The other of his suggestions that caught our eye was this:

The cornerstone of a new approach to ownership should be a Companies Act for the 21st century. Unlike the existing act, passed in 2006, this would set out unambiguously what society expects from companies in exchange for the privileges they are afforded. The aim is to create purposeful companies with a more just relationship between themselves and the wider society, capable of fostering the trust relationships that are at the heart of high-innovation and high-performance workplaces. Companies would be required to declare their business purpose on incorporation: they should incorporate to deliver particular goods and services that serve a societal or economic need and will need particular capabilities and skills. It is through delivery of their purpose that they should seek to make profits. Most great companies have this purpose at their heart already, even if informally. Unilever famously exists to make the best everyday things for everyday folk – Boeing to build planes that fly furthest safest. This should become the rule, not the exception.
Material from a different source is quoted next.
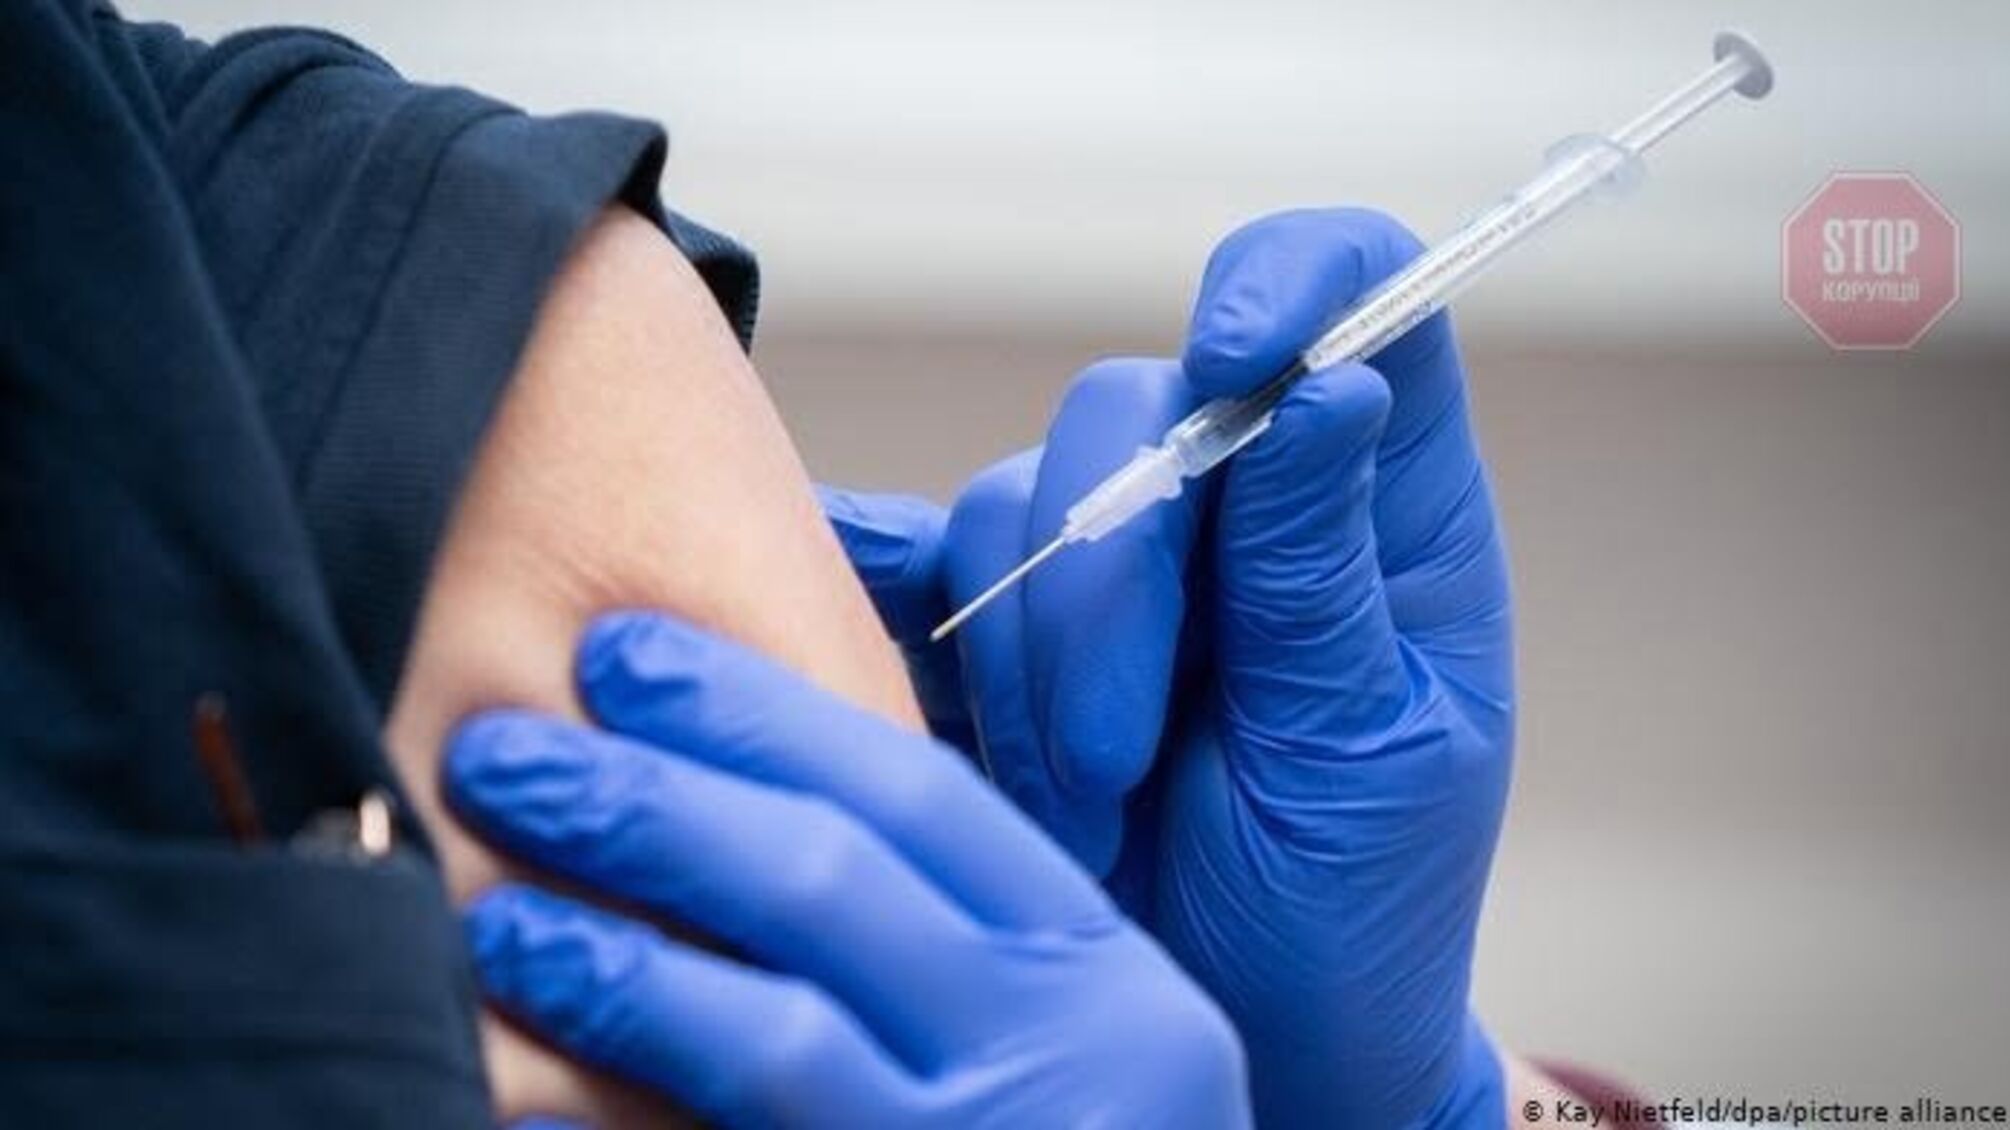 В Украине почти 400 тысяч человек получили две дозы вакцины

Oh great. We can never remember whether it was Nokia or Ericsson that used to make rubber boots but then switched to mobile phones but this would ban that idea. And Apple moving from computers to smartphones would also be illegal. And this is quite separate from the basic fact that whatever you set up a company to do usually isn't what the company ends up doing. Simply because no business plan ever survives contact with the market.
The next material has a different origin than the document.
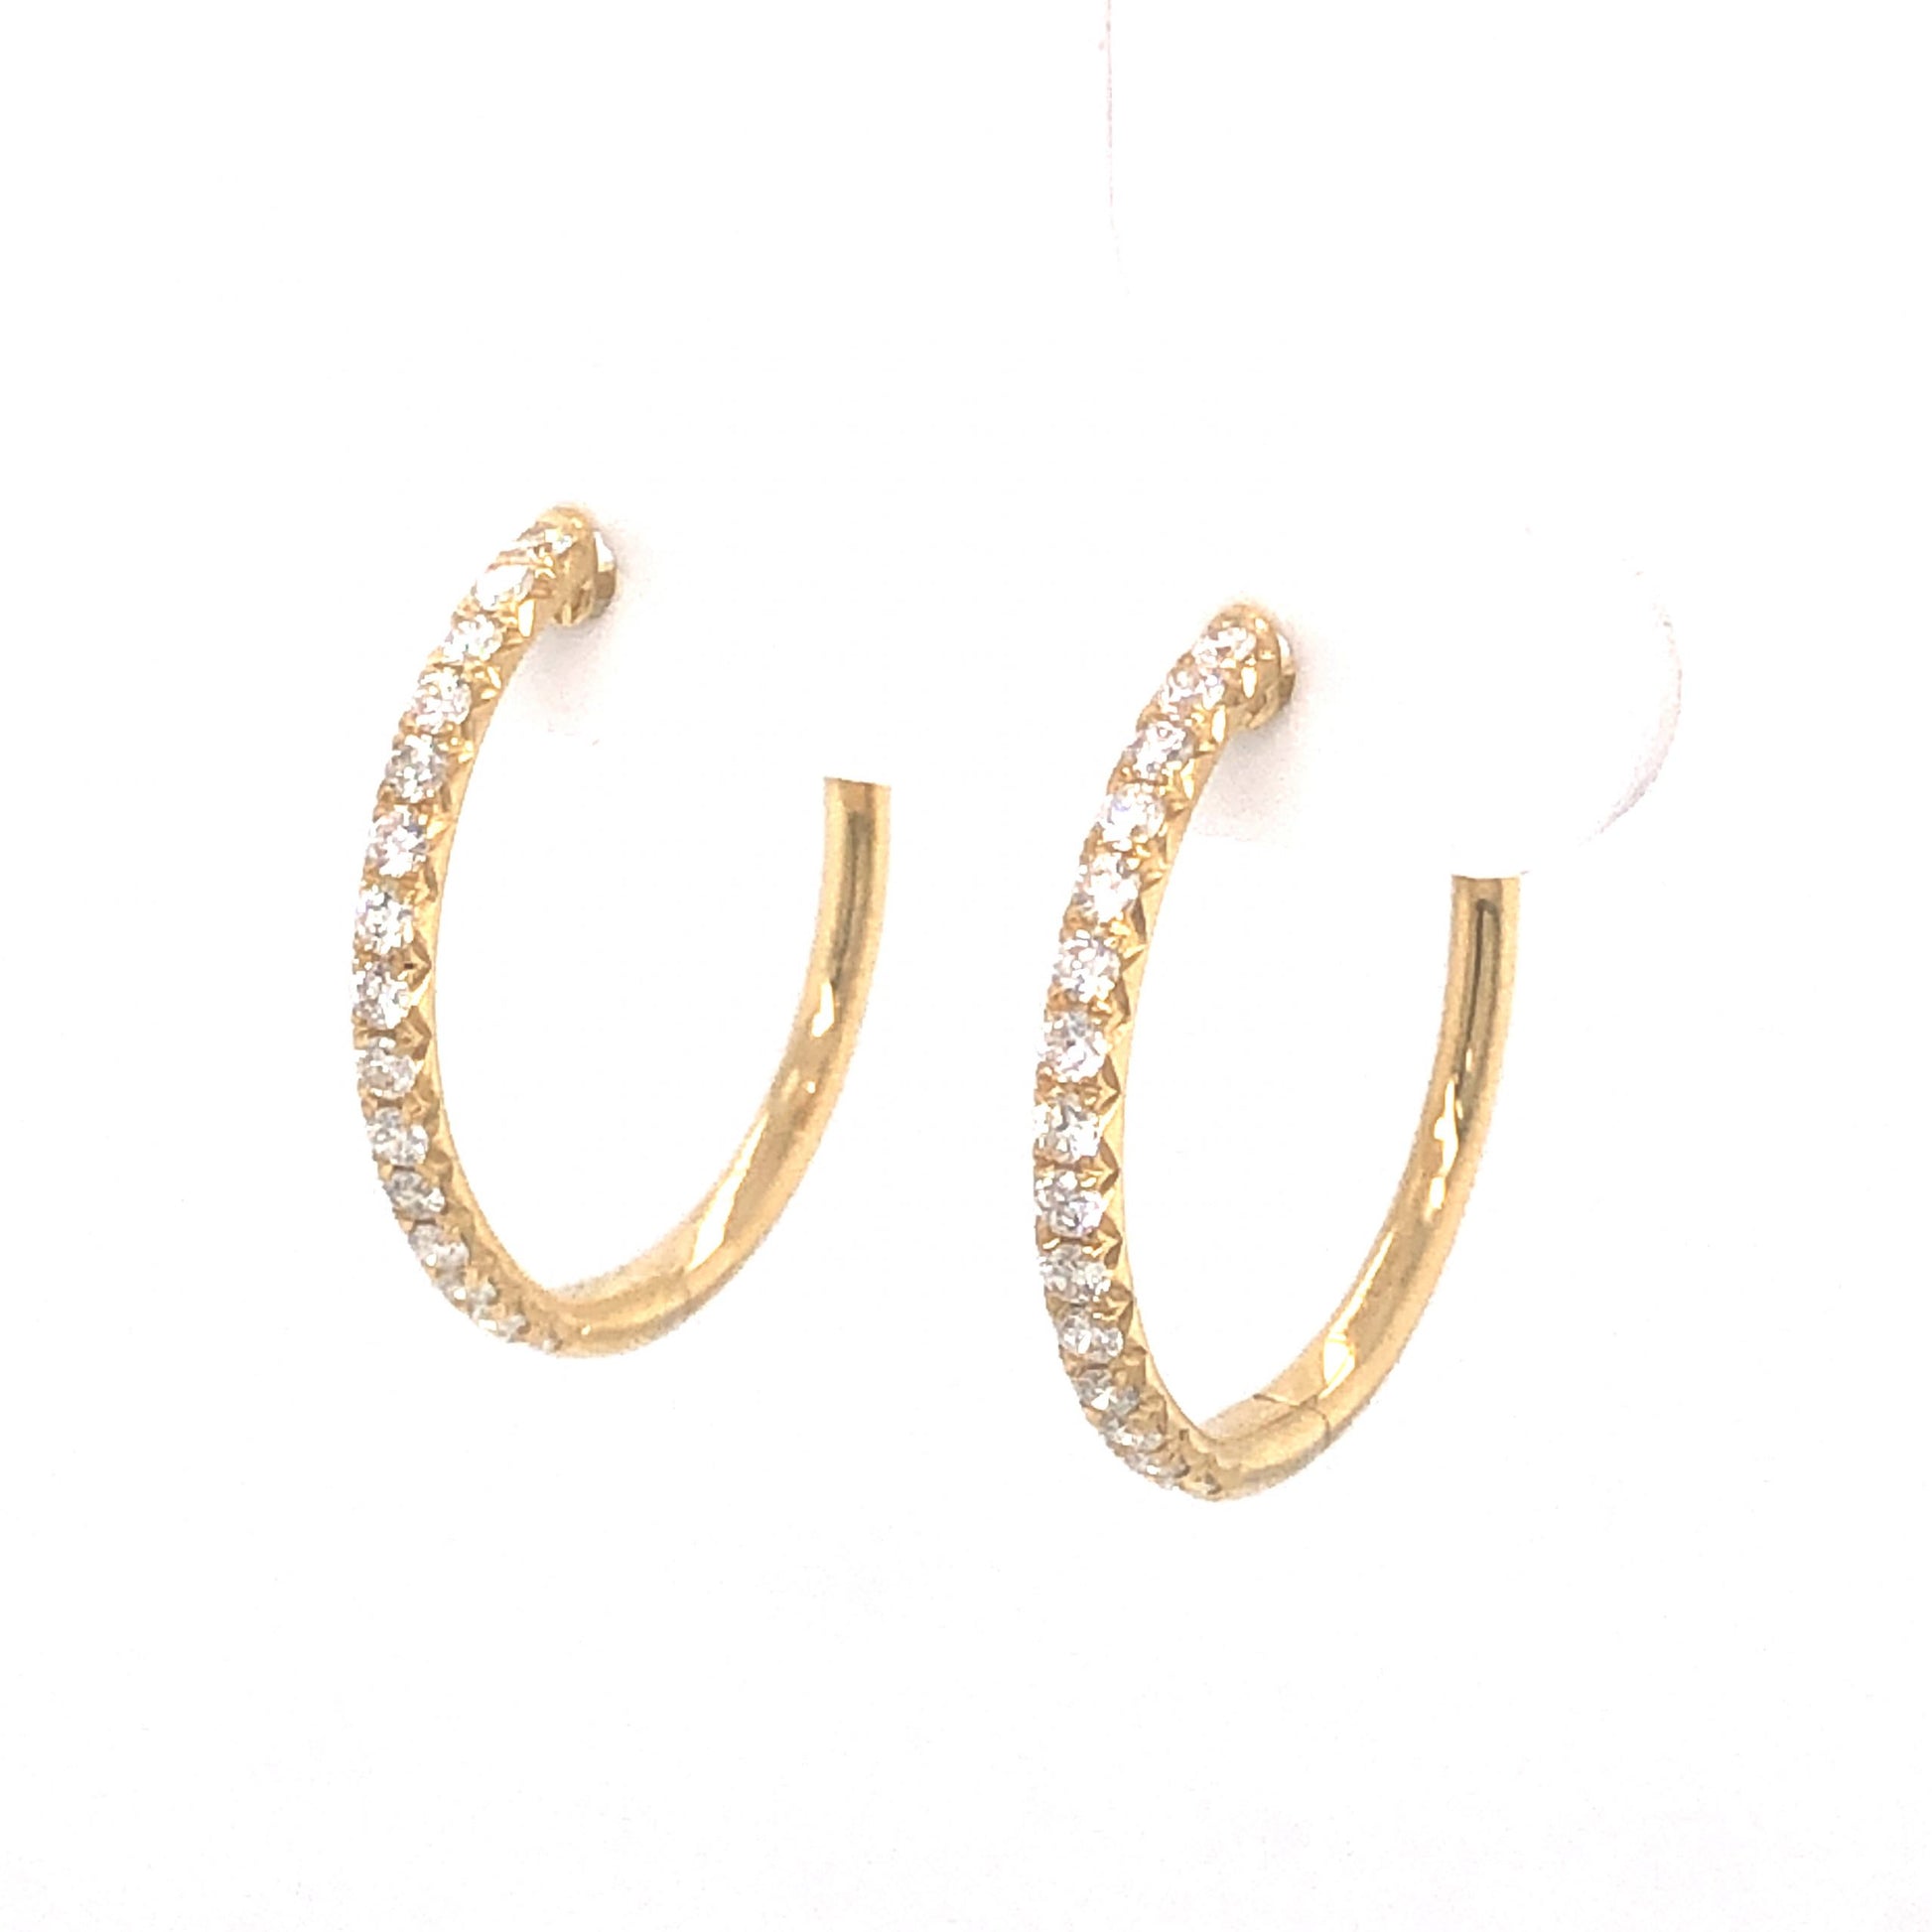 .41 Diamond Earring Hoops in 14K Yellow Gold

Hutton's deliberately insisting that we should hobble the flexibility and adaptability of the market system. Said adaptability and flexibility being one of the great points about having a market system in the first place. It fits with his own ideas about how the economy works, this is true. That some small number of the Great and the Good (naturally including one W. Hutton) sit around and plan how the rest of us do everything. But that his actual suggestions are also insane is why we should pay him no heed.

Just to rub the point in, one of the examples of a great company that he uses is Rolls Royce. Which started out to make cars and only later moved into jet engines. A declaration that they only existed to make great cars would have been a bit of a problem for that later development, would it not?